Beneath this task are records; print exactly the stretch of them from the line with "Flying Ricky Anderson" through the line with "resilience-line-icon-elastic-material-sign-vector-stock-vector", both ends included.

Listed entries START

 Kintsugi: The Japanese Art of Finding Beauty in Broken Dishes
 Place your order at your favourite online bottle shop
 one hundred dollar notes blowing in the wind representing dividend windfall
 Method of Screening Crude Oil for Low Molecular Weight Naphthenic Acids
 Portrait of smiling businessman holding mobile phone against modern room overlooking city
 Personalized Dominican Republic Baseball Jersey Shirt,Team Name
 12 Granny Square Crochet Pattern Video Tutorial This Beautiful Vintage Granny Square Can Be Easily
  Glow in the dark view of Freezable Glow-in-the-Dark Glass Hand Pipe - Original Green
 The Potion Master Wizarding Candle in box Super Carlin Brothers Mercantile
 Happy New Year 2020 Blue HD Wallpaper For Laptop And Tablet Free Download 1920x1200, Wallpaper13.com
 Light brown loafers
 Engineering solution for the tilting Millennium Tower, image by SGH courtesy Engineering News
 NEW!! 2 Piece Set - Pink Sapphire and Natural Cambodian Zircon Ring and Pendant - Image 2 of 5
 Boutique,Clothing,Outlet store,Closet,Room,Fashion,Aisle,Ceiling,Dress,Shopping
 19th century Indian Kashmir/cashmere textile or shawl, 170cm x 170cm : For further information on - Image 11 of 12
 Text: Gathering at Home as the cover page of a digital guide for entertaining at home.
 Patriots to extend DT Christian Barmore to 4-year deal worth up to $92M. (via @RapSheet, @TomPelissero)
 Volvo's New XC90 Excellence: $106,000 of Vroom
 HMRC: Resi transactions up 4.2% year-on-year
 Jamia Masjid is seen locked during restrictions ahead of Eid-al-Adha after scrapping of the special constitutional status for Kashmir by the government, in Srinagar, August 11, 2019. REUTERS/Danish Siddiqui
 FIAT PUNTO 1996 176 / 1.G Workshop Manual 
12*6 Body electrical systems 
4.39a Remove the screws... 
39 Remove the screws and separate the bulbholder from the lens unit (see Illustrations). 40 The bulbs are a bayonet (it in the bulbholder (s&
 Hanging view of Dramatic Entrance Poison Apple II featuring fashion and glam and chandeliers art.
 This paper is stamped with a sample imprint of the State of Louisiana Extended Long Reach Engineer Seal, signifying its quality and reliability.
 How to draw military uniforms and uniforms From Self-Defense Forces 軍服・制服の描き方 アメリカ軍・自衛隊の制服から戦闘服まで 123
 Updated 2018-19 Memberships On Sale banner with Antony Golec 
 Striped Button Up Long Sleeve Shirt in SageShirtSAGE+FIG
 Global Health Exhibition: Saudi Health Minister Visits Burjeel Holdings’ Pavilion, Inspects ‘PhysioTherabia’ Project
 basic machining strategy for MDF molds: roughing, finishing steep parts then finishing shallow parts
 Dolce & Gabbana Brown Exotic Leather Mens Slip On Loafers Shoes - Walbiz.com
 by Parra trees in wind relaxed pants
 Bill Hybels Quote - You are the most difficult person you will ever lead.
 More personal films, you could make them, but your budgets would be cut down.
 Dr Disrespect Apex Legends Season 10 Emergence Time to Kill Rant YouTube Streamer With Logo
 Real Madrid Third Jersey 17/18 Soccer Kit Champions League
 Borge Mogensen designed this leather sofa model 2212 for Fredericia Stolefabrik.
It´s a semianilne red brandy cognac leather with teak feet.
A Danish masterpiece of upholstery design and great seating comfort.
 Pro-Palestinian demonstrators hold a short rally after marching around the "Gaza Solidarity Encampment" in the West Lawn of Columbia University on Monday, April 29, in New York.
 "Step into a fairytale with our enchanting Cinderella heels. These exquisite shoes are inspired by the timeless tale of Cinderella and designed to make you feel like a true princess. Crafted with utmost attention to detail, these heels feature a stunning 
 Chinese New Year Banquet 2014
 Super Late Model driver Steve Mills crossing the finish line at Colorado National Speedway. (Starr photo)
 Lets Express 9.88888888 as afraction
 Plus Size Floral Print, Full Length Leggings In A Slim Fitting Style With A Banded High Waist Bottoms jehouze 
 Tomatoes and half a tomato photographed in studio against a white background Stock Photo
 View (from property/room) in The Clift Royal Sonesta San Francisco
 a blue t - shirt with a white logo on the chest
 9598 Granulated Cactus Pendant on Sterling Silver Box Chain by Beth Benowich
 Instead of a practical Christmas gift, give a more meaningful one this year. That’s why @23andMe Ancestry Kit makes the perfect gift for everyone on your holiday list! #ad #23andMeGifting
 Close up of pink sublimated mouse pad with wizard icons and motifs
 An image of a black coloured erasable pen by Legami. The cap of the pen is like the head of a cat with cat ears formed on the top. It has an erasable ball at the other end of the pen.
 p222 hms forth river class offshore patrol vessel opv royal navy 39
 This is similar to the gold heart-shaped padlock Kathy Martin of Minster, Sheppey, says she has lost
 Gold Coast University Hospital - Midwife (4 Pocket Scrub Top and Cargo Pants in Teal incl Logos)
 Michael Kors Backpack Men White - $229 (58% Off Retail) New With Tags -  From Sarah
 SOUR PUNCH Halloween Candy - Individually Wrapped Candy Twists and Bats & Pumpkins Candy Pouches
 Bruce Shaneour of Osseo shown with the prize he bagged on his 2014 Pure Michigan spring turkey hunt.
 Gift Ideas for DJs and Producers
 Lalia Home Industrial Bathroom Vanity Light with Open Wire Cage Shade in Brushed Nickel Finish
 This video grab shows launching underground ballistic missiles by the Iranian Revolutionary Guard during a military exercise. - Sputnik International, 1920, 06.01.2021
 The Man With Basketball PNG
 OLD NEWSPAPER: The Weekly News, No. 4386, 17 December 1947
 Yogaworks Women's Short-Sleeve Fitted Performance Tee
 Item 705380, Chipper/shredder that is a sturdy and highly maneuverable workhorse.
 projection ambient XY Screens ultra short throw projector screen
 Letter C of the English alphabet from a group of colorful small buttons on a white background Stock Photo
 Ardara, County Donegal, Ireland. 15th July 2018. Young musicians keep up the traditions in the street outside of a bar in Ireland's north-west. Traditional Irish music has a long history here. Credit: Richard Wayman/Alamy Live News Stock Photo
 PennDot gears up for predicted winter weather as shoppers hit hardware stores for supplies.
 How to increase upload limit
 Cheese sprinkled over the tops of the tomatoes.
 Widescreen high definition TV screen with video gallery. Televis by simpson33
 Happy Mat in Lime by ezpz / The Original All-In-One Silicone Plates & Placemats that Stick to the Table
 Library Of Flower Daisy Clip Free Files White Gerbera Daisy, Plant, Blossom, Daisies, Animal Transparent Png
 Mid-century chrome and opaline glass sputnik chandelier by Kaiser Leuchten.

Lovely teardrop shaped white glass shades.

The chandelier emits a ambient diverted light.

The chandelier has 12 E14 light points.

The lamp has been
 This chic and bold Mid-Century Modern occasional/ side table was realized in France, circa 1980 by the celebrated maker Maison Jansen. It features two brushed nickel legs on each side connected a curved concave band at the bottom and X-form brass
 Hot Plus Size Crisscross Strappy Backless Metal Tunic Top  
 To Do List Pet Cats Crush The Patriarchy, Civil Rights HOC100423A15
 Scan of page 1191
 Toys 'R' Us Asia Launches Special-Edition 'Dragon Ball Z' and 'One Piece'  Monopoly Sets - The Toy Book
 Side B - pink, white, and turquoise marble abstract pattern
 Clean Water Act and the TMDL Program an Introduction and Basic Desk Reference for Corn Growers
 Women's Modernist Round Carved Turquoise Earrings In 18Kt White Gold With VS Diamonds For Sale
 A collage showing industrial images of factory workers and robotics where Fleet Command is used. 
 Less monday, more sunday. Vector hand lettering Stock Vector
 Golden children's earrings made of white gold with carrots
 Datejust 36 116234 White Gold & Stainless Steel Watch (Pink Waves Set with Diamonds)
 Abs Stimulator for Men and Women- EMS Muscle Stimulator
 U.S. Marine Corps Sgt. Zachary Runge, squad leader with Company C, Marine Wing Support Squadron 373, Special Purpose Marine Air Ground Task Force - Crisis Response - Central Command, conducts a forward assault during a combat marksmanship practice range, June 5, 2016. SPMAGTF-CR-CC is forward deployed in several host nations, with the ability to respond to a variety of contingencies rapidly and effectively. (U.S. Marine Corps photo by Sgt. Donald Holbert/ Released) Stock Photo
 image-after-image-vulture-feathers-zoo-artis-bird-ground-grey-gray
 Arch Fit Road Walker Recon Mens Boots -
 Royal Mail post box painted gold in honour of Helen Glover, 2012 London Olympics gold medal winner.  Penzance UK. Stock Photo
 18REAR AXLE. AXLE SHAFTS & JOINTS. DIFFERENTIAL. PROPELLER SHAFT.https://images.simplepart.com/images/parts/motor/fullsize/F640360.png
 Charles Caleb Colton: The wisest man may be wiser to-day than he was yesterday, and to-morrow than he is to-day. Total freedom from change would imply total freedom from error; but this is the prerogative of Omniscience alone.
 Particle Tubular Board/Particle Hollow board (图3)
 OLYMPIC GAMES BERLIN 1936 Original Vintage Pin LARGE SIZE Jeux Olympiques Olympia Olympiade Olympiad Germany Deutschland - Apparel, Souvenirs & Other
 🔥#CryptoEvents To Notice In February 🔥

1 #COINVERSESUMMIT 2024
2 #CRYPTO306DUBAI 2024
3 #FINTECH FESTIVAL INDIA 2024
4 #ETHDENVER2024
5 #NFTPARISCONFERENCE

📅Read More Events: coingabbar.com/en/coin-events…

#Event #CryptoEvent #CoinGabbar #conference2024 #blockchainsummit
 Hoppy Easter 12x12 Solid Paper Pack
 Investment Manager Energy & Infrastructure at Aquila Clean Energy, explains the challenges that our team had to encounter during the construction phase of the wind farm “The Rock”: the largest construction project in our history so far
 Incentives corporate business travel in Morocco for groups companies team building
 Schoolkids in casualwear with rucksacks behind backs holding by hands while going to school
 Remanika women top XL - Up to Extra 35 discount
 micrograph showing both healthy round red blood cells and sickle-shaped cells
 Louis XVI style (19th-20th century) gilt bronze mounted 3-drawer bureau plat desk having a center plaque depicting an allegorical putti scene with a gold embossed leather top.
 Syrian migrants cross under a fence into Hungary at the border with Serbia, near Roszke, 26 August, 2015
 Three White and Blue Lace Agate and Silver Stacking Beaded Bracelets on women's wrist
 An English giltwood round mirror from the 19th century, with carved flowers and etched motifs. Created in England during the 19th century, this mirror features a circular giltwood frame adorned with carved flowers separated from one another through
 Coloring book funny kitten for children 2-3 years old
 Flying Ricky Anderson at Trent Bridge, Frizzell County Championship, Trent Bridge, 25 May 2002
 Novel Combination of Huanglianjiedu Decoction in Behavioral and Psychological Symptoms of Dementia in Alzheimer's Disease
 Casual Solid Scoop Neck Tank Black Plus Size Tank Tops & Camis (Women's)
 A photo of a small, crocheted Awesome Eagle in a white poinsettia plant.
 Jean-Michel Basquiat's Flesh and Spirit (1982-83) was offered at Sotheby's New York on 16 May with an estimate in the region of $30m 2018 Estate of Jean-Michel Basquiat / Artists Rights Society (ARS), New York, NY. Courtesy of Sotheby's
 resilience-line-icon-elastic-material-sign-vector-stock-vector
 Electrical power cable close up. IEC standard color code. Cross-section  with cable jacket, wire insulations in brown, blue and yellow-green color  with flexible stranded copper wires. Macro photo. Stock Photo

Listed entries END

Output of the exercise >>
 Flying Ricky Anderson at Trent Bridge, Frizzell County Championship, Trent Bridge, 25 May 2002
 Novel Combination of Huanglianjiedu Decoction in Behavioral and Psychological Symptoms of Dementia in Alzheimer's Disease
 Casual Solid Scoop Neck Tank Black Plus Size Tank Tops & Camis (Women's)
 A photo of a small, crocheted Awesome Eagle in a white poinsettia plant.
 Jean-Michel Basquiat's Flesh and Spirit (1982-83) was offered at Sotheby's New York on 16 May with an estimate in the region of $30m 2018 Estate of Jean-Michel Basquiat / Artists Rights Society (ARS), New York, NY. Courtesy of Sotheby's
 resilience-line-icon-elastic-material-sign-vector-stock-vector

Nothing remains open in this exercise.